Italy developed a unique variant of inheritance tax. Not content with taxing the estate of the deceased ( imposta sul morto or “dead man’s tax”), it also taxed each individual beneficiary on the legacy received ( imposta individuale or “beneficiary’s tax”). Until Oct. 25, 2001, that is. The new law has abolished the inheritance and gift tax ( imposta sulle donazioni e successioni). As a consequence, no inheritance or gift tax is payable on legacies or gifts paid to spouses, children, or other relatives up to the fourth degree. Furthermore, it is not payable on any legacy or gift of up to $168,000, paid to any unrelated person or body. Legacies or gifts above $168,000, paid to unrelated persons or bodies, attract other taxes. In the case of real estate assets, this is the property registration tax ( imposta di registro).
Rental Income Tax
Income earned from renting a property is taxed as ordinary personal income (IRPEF). After allowances have been taken into account, rates are on a sliding scale: 18.5% for amounts up to approximately $11,000; 25.5% for the next band up to $15,500; 33.5% for amounts between $15,500 and $31,000; 39.5% for amounts between $31,000 and $70,000; and 45.5% for amounts over $70,000.
Unoccupied real estate is taxed based on an imputed income. Cadastral tax ( rendita catastrale) is a small tax, equivalent to the imputed income a property owner could receive from his property. Regardless of whether an Italian property owner receives rental income, cadastral tax of 0.4% to 0.7% of imputed income is still payable. However, if the property is of very low value, is not rented out, and is kept for the exclusive use of a foreign owner, the tax does not apply—as long as the owner does not earn any of his income in Italy.
The main property tax in Italy is ICI, which is calculated on a property’s declared value.

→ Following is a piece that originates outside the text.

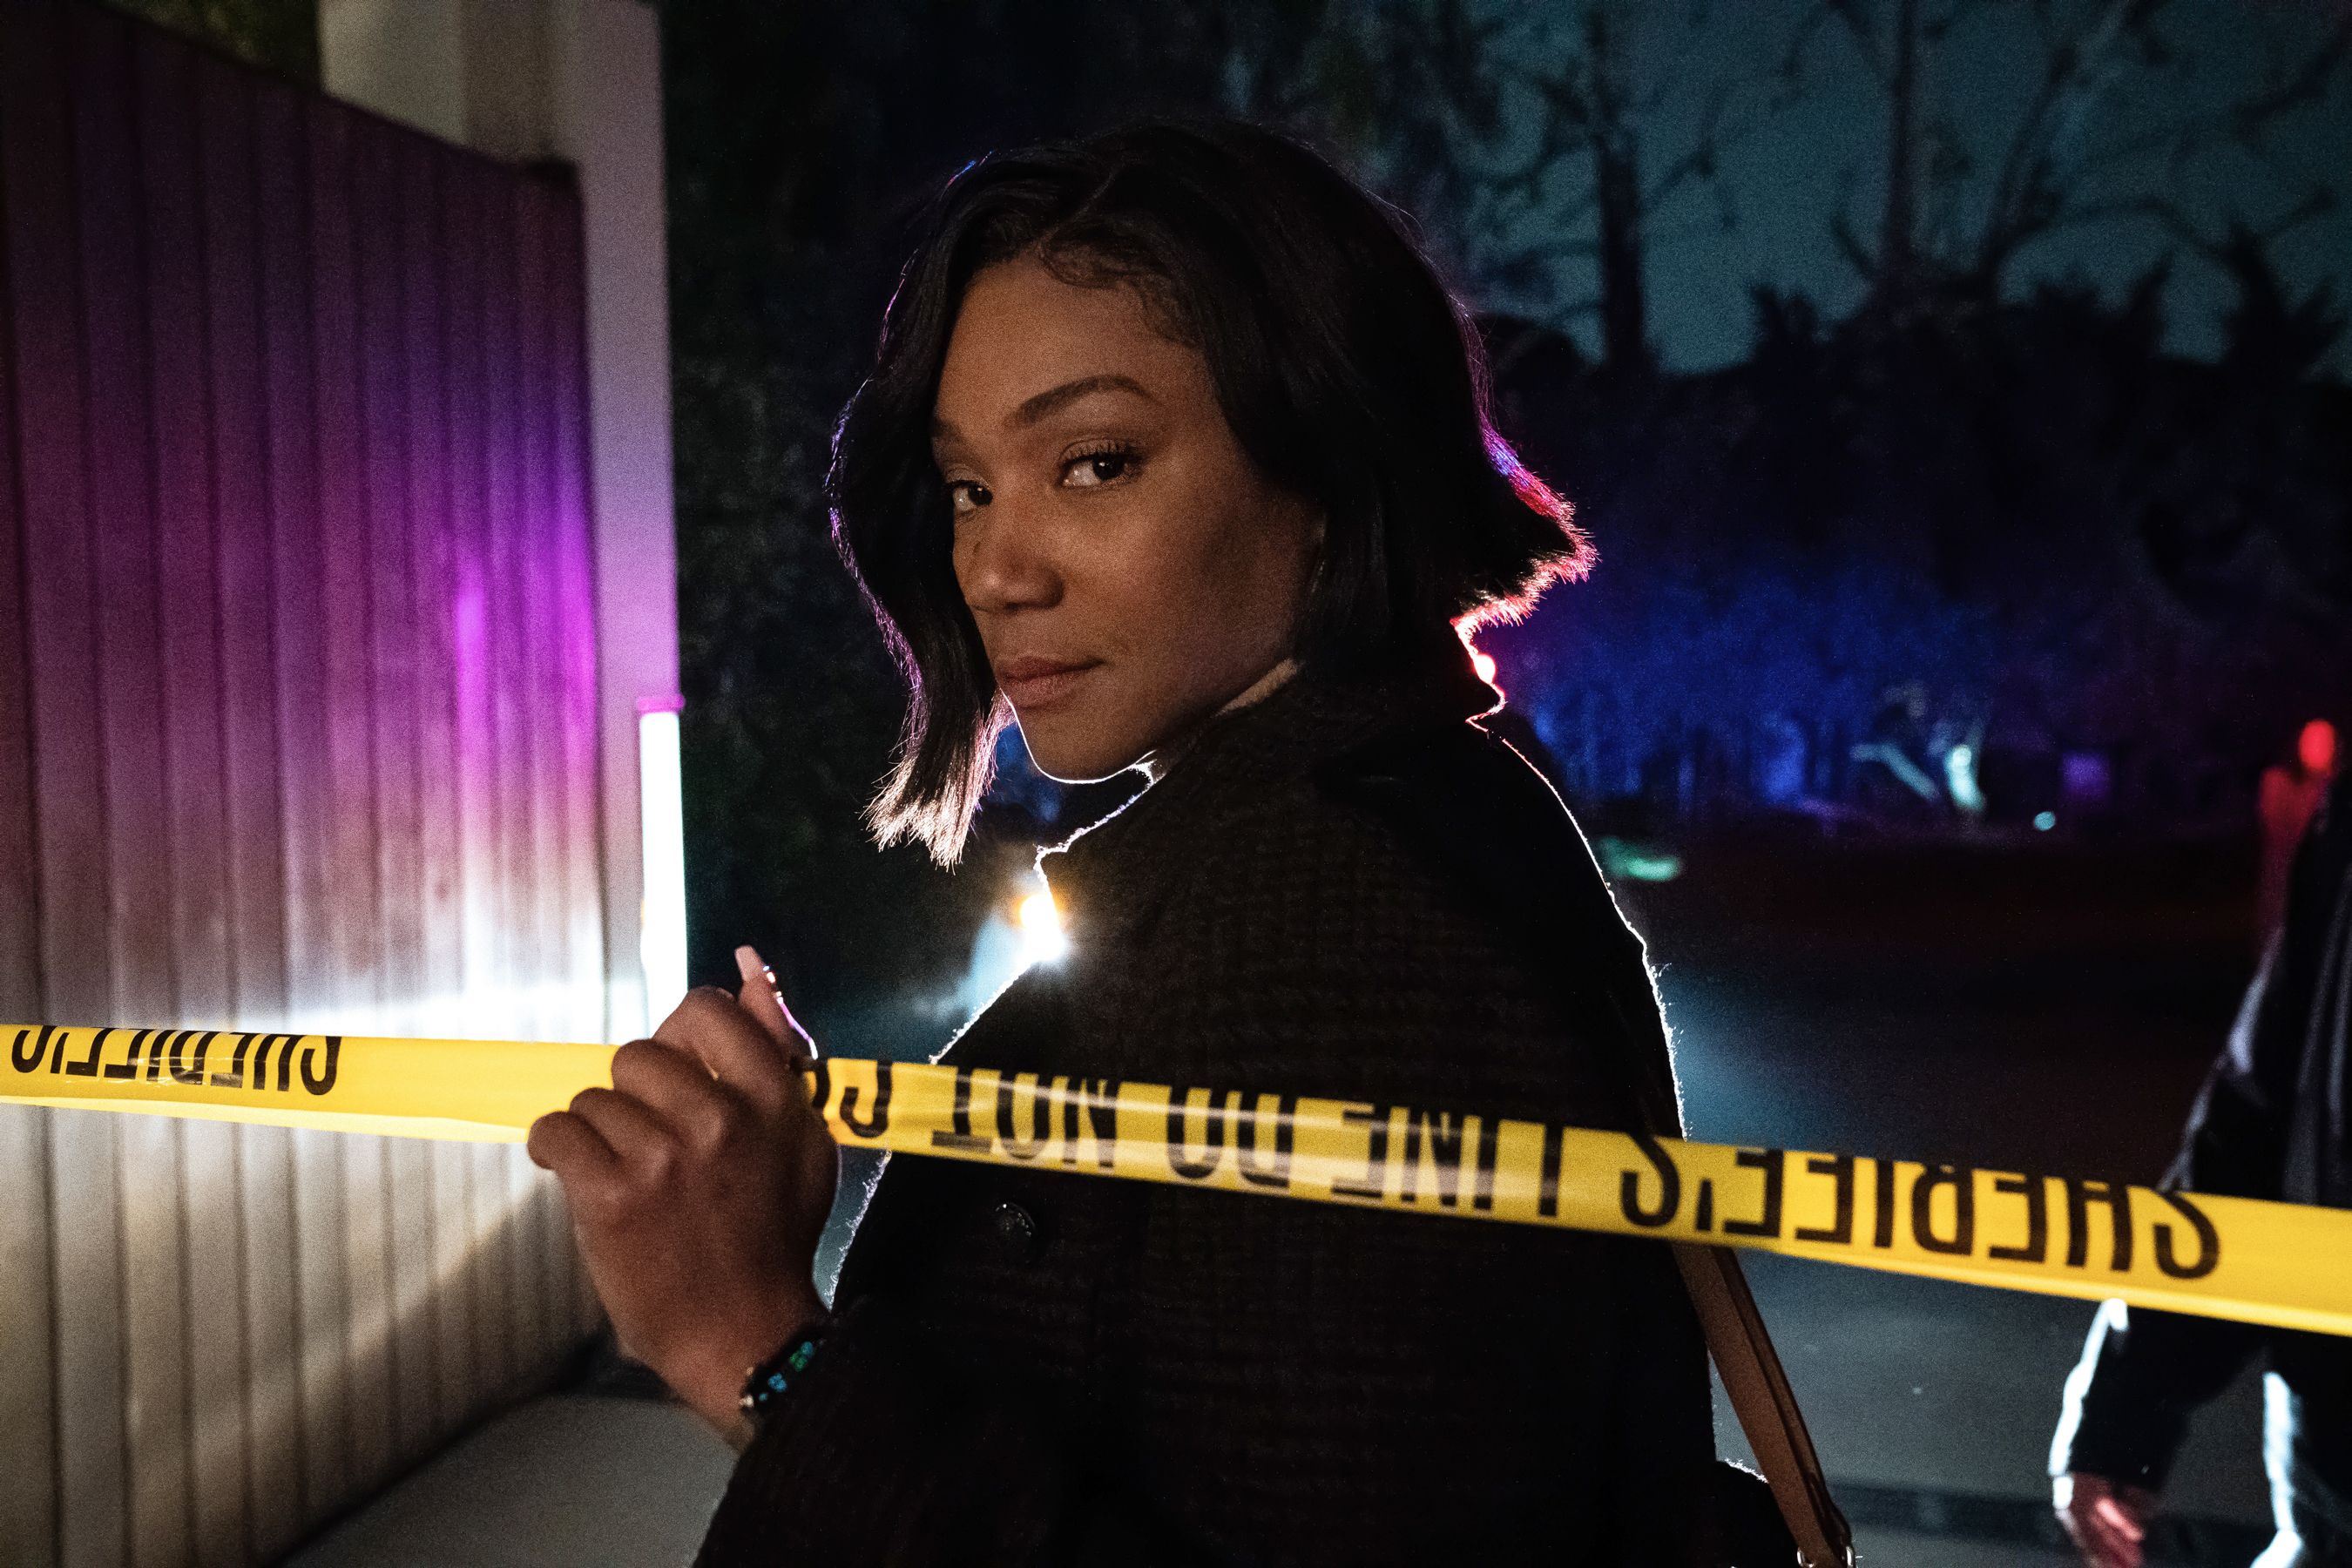 Apple TV+'s global hit murder mystery comedy “The Afterparty

Set by local municipalities, the rate varies from 0.4% to 0.7%. In Milan, for example, it is 0.5%. ICI is payable in two installments, due in June and December.
Capital Gains Tax
The seller must pay INVIM, a capital gains tax, which fluctuates in accordance with the length of time the property is held. The amount varies from 5% to 30%. There is a reduction for first-time buyers. Since Jan. 1, 1993, this tax has been replaced with an annual tax on property, called ICI ( imposta comunale sugli immobili), but must still be paid for property held up to that date. ICI amounts to between 0.4% and 0.6% on the cadastral value, and varies from town to town.
Transaction Costs Of Buying Real Estate In Italy
Transaction costs can run quite high on the purchase of Italian real estate. The real estate agent’s commission is split between buyer and seller. The buyer usually pays 2% to 3% of the price of the property. In some cases it can be as high as 6%. Legal fees typically amount to 2% of the purchase price.

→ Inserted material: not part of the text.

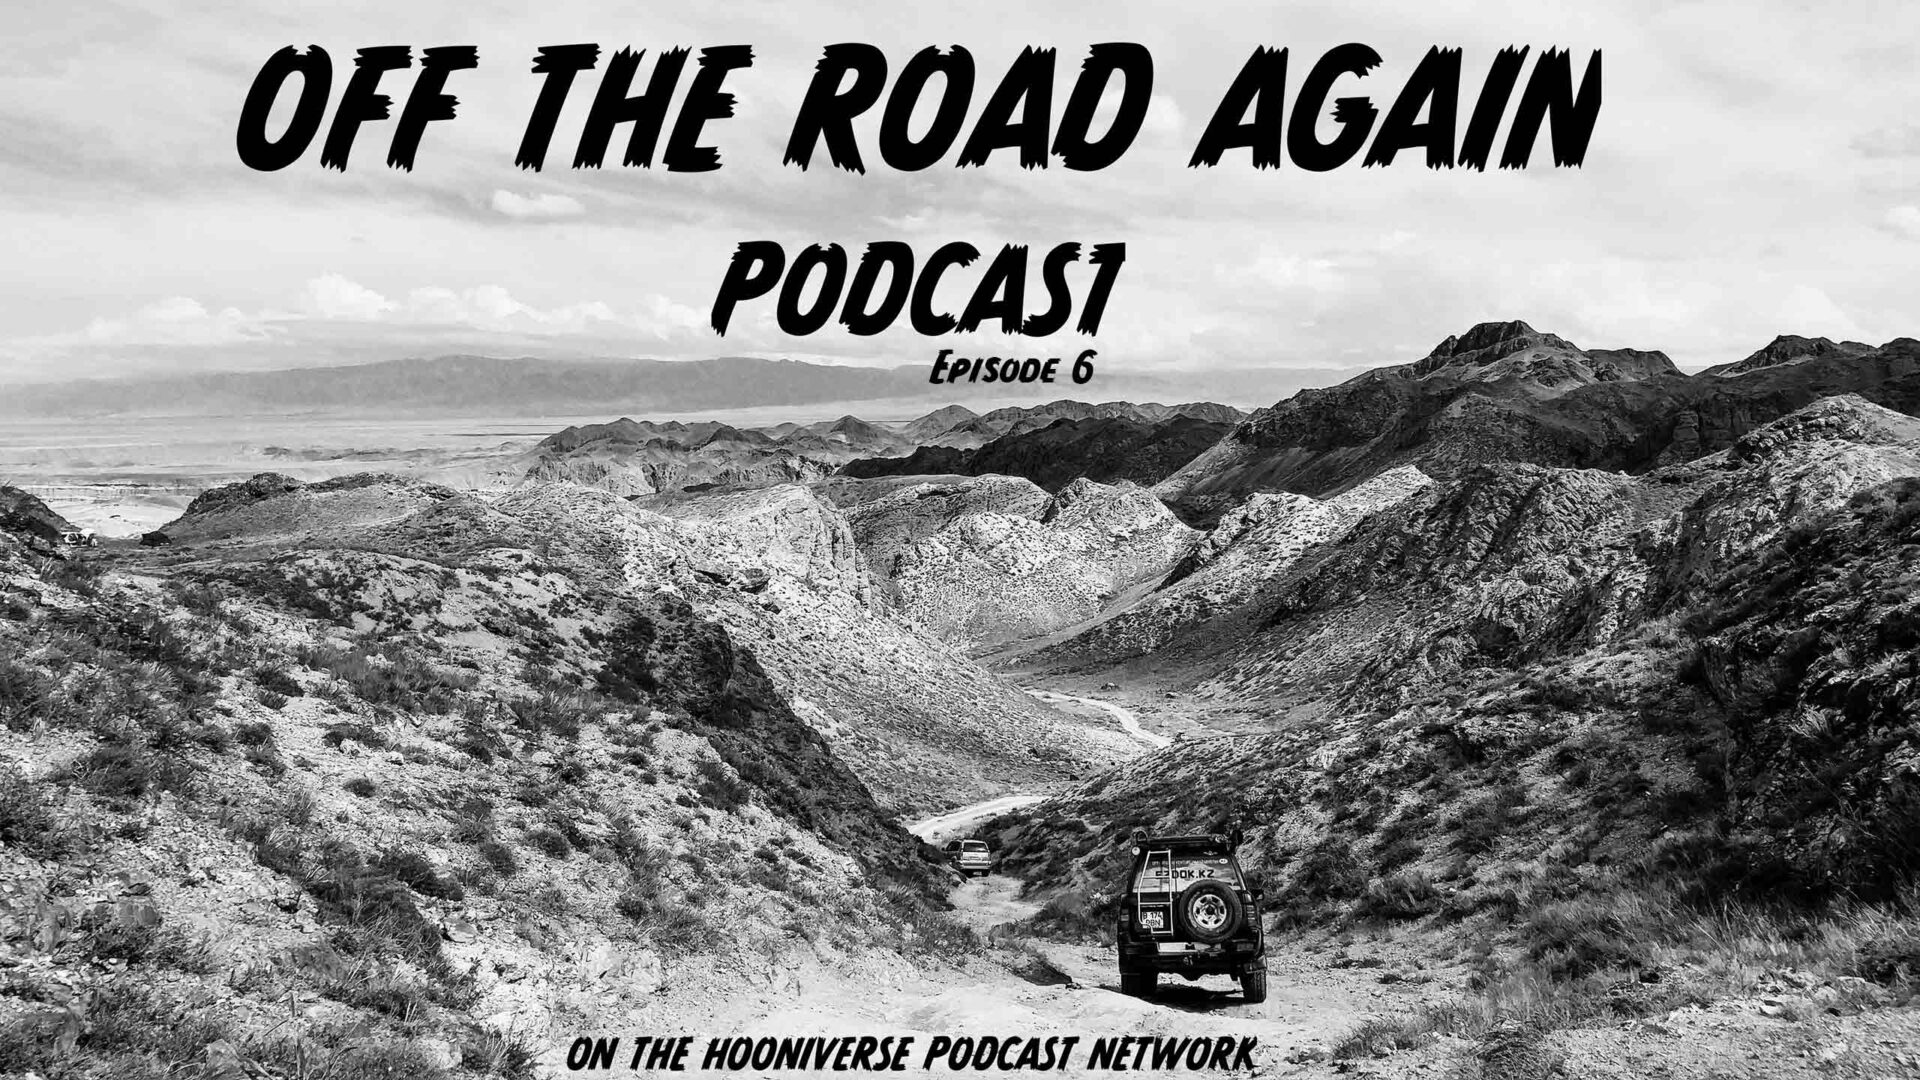 Off the Road Again Podcast Episode 6

Notary’s fees are approximately 2.5% to 4% of the declared value. The fees are calculated in accordance with the value of property (i.e., 2.5% will apply on cheaper properties).
The geometra’s fee will depend on what work is involved. If you’re not planning to do any further work on your property, you’ll pay around $600. If you intend to build on or modernize, then expect to pay up to $2,400.
One thing to note about transaction costs and taxes is that they are often based on the declared value of a property. Despite what you’ve actually paid for it, under Italian law, a property also has an official value—the “declared value,” which is usually considerably less than the purchase price. This is the value that appears on documents and in the land registry. It is this figure on which annual property taxes are calculated. Say the market value of a property is $300,000. The purchaser who buys at that price can register it at a value of $150,000 in order to lower his taxes. It is quite normal for property to change hands at a declared price of 50% of the amount actually paid. Despite the number of Italians that do this—and get away with it—we strongly advise that you ensure the “declared value” matches the price you paid for your property.